Time to catch my breath…

Friday was another terrible day at camp for Belle — she hit a child, they punished her, they didn’t follow the certificate regimen that we had given them to help her…and then to top it off a pisher of a kid tried to psychoanalyze my daughter – god damn it… she roll played with her and thought that I would be so excited by this…and gave her all this attention — why couldn’t she just listen and follow through on what I asked them to do?

They were so mean to her, I watched during their show… the conselors didn’t respond to her – like they did to the others, the kids shied away from her…I was so sad for my beautiful girl who has been driving everyone crazy…driving me crazy — I love her, I love her, I love her — I may need to repeat it over and over and over — or even climb to the highest rooftop — I LOVE HER! I want everyone else to also…

I called R – our ped — crying – I’m was afraid they were either going to break her, or kick her out! He is just amazing, just amazing — after droppng Bob off after another accident – I took her to his office and he put her on clonidine – a quarter of a .1mg pill 2x per day ….

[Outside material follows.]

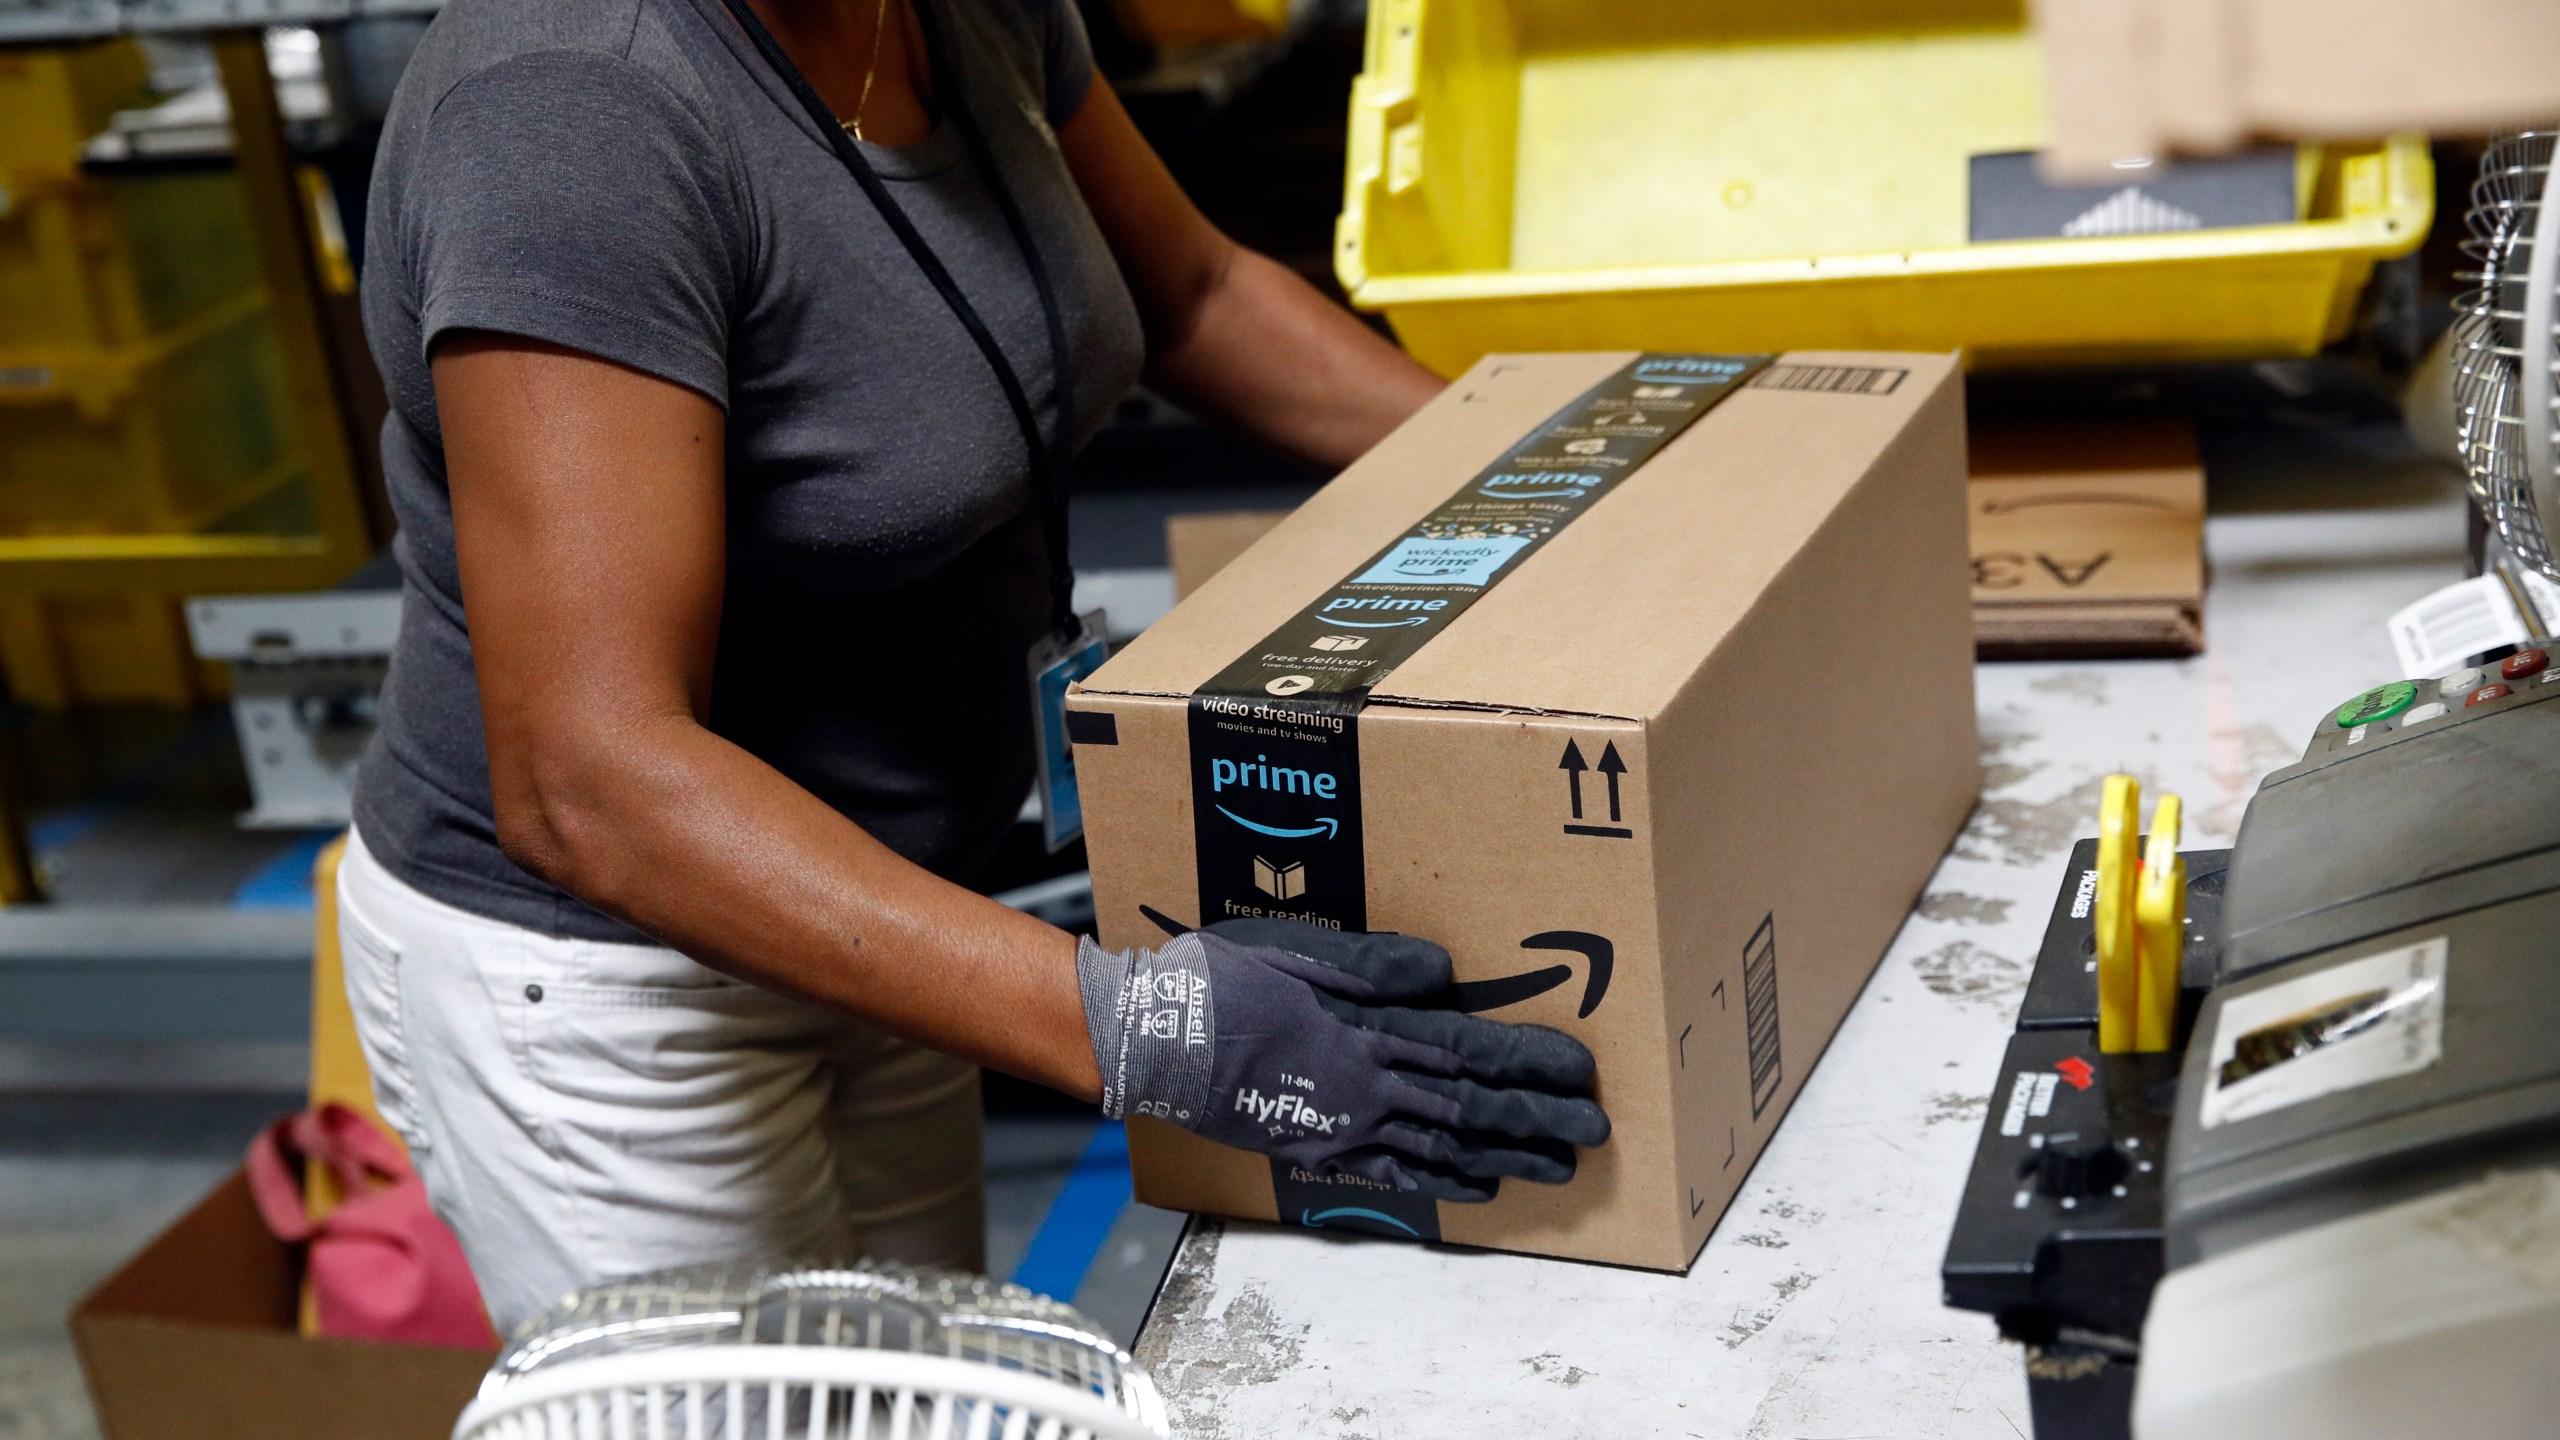 Amazon_Wages_Backlash_31779-159532.jpg70302614
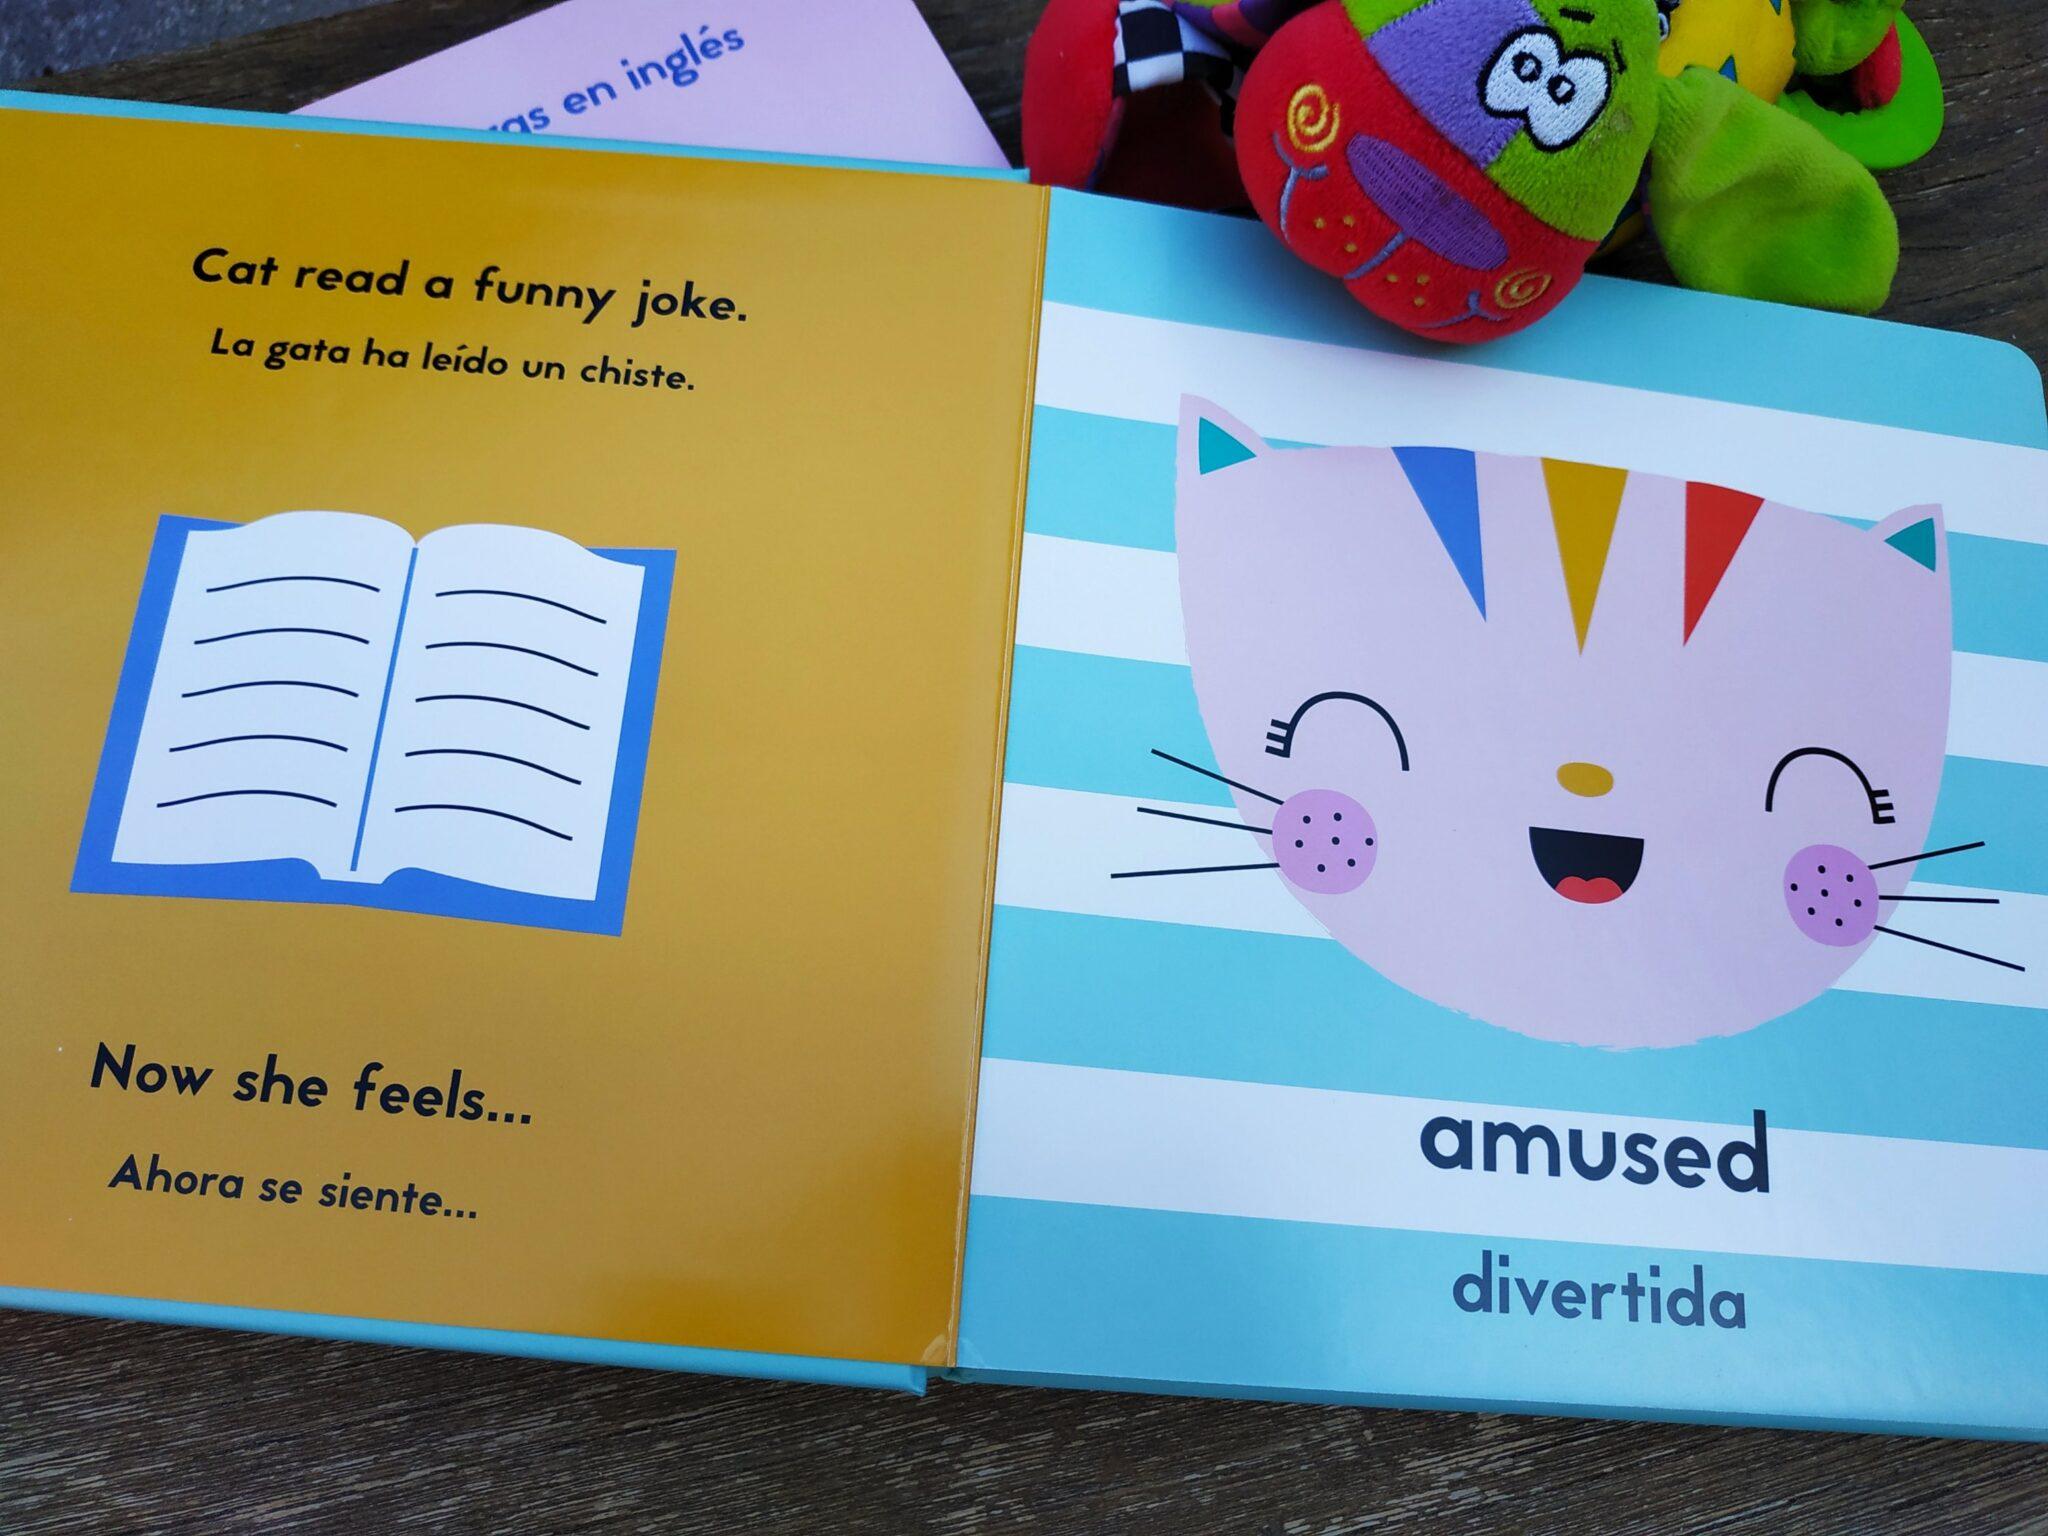 img 20191001 1233022766563710730202635 - Letras y emociones en inglés para niños

I hate drugging my little girl – I hate drugging my little girl — but I need to be able to love my little girl on my outside — not just my insides, I need to show her that I love her, we all do — she deserves it…she does.

1 thought on “Time to catch my breath…

  1. This made me cry a little. You're doing the right thing by helpng her with meds. I'm a bit sensitive to the mental health issues given what I do, and hearing the experiences of a mom of a daughter with some behavioral issues makes me appreciate not only my clients, but you.